How to find the depth of immersion of this boat model?

So I am trying to find the depth of immersion of this particular boat model, which has curvilinear edges (subparabolic edges) on each side. The figure of the pontoon is attached with this post.

So now when I place this pontoon in water, the height of the water that rises, called the depth of immersion is to be found. I already know how to calculate the displacement volume, but I have no idea how to find the depth of immersion.
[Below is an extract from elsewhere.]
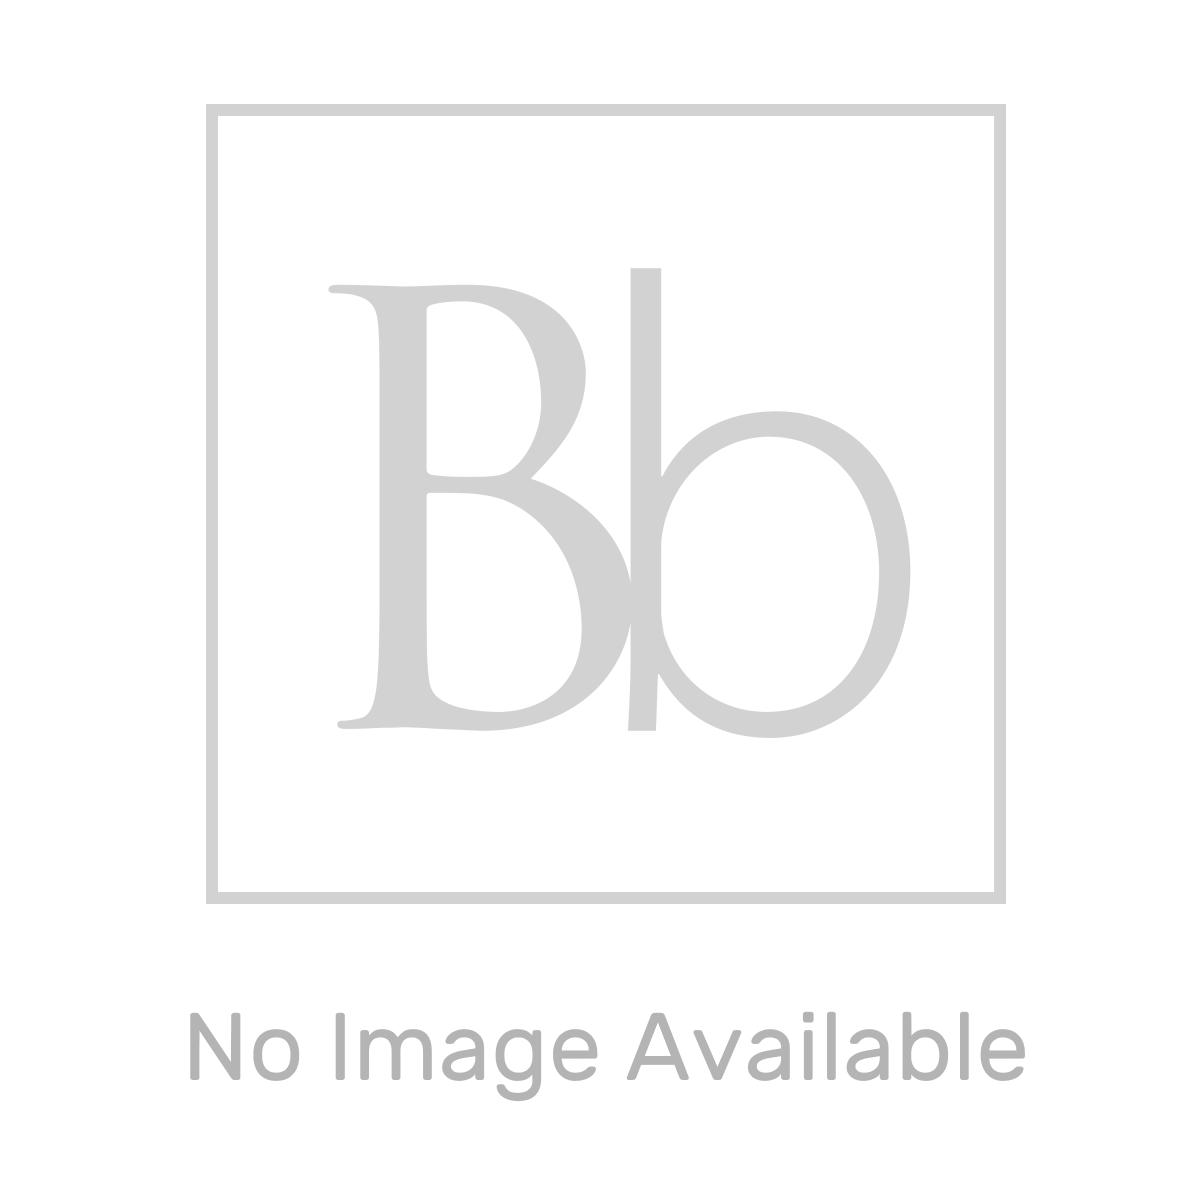 Sanispeed Heavy Duty Pump

Below are the steps taken to find the displacement volume

1. Volume of body

I assumed the whole body to be a rectangle and calculated the area of the rectangle first: B*h

And then, since the curves are subparabolic, it is defined by the equation:

y = (h/b^2)*x^2

Integrating the above equation, gives the area under the curve to be:

bh/3

So subtracting : 2*(bh/3) from (B*h) will give the cross sectional area which

C.S.A = (B*h)-(2*(bh/3))

Multiplying this C.S.A with the length of the pontoon (say L) will give the volume

V = (C.S.A)*L = [(B*h)-(2*(bh/3))] * L

So now that volume of the body is known, the following steps are taken to find the displacement volume

2. Density of body

Density = mass of body / Volume

Note: The mass was found by weighing the pontoon on a weighing machine

3. Specific weight of body

Specific weight of body = density of body * g

Note: g = 9.81 m/s^2

4. Weight of body

Weight of body = Specific weight of body * Vbody

5. Weight of water displaced

Weight of displaced water = Specific weight of water * Displaced volume

Note: Specific weight of water = 9810 N/m^3

6. Archimedes principle

According to Archimedes Principle the weight of the body acting downwards is equal to the weight of displaced acting upwards, so

Wbody = 9810 * Vdisp

7. Displaced Volume

And so the displaced volume of water is given by

Vdisp = Wbody/9180

Now another equation for the displacement volume is:

Vdisp = [(B'*h')-(2*(b'h'/3))] * L

h' is the depth of immersion

and B' is the top width at this displaced volume

The problem is that there are two unknowns in the above equation and I just can't figure out how to find the depth of immersion here. If anyone has any idea please please let me know.

 

Welcome to the forum.
What are you really looking for?
1. the draft in which the weight of water displaced by the hull is equal to the weight of the vessel, or
2. the maximum depth to which the device can be submerged without collapsing structure.

 

Yes I am looking for the draft, which is the vertical distance between the waterline and the keel, so it would be the first one that you mentioned

 

Have you ever heard of the calculation of hydrostatic values for a hull?. That's what you need to calculate: the volume displaced for each draft. When the weight of the displaced volume is equal to the weight of the boat, you've solved your problem.

 

No I have in fact not heard of it. Could you please help me understand how to calculate that? Or let me know of a good source where I can learn about it?

 

This is the basics to start making naval architecture calculations. I think you should learn so many things that it is impossible to teach them from this forum. Contact a naval architect, or na student, close to you, who can give you some lessons.
Good luck.

 

I understand that you cannot teach me through the forum and I am not asking you to. But can you at least advice me on a good book or website?

 

I am confused, initially you said "hydrostatic values helmet" ?

 

Sorry, there was a mistake due to my horrible English. The correct word is "hull", that's why I corrected it.

 

I would first assess your knowledge of physics, mathematics, kinematics, among other disciplines, to know where to start. It's not that I do not want to teach you is that I am not able to.
There is a very good book, which to me seems very good, "Principles of Naval Architecture" from SNAME. Start there if you want.